There are 5 people who do NOT play games. There are 5 people to play BACKGAMMON and CHECKERS and CHESS. There are 3 people to play BACKGAMMON and CHECKERS. There are 2 people to play BACKGAMMON and CHESS. 1 person would play CHESS and CHECKERS.

Altogether there are 21 students to play BACKGAMMON or CHESS.

There are 24 students who would play CHECKERS or CHESS.

There are 26 students who would play CHECKERS or BACKGAMMON.

Find how many only play BACKGAMMON? How many only play CHECKERS? How many only play CHESS? How many students were in the study hall?

Plan

Use a Venn Diagram to show the known students. Use guess and check to balance the numbers.

Solve

The Venn Diagram uses circles to show the numbers of students who participate in more than one game. The students who do not participate are outside the diagram. These are the numbers 1, 2, 3, 5 and 5 from the information above.

The numbers in the overlapping parts of the circle, 1+ 2 + 3 + 5 = 11, is the number of students who said they would play 2 or more games. Therefore, each 2 circles share 11 students.

From the data given, there are 21 students to play BACKGAMMON or CHESS. Since they share 11, that leaves 10 to be divided between BACKGAMMON and CHESS. There are 24 students who would play CHECKERS or CHESS, that leaves 13 to be divided between CHECKERS and CHESS. There are 26 students who would play CHECKERS or BACKGAMMON, that leaves 15 to be divided between CHECKERS and BACKGAMMON.

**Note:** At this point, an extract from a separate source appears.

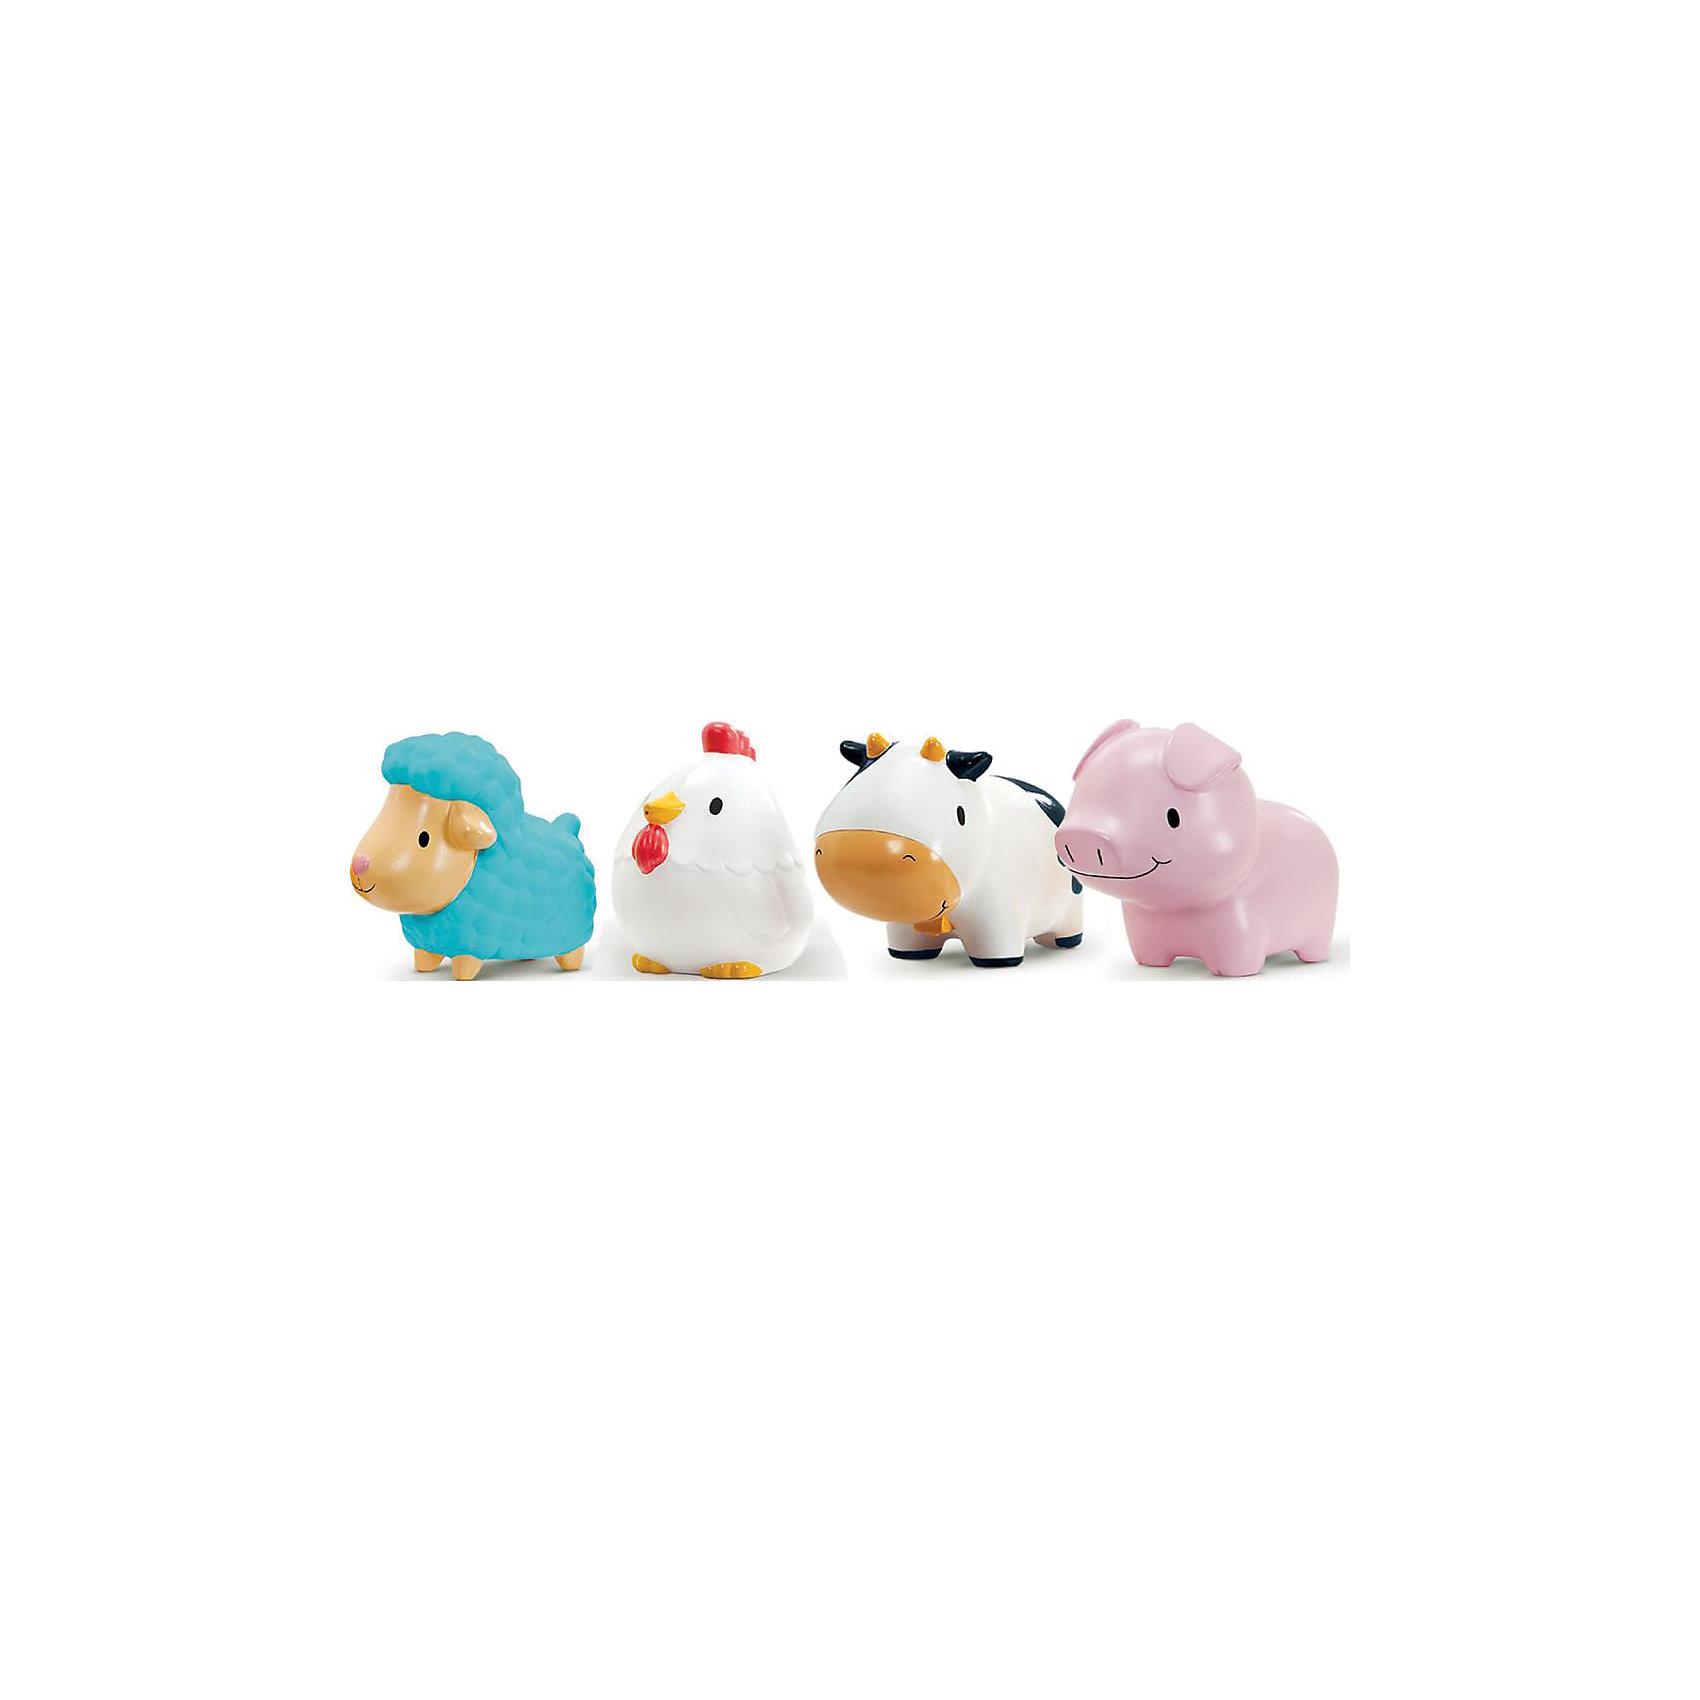 munchkin Игрушка для ванны деревенские зверюшки 9+ 4шт, Munchkin игрушки для ванны munchkin игрушка для ванны деревенские зверюшки

From the diagram, there are 6 students who only play backgammon, 9 who only play checkers and 4 who only play chess. Adding 11 (the ones who play more than one game) + 6 + 4 + 9 + 5(the ones who did not play any games) gives a total of 35 students in study hall.

Examine

The diagram and guess and check method gives a reasonable answer of 35 total students for a study hall. All of the conditions are met.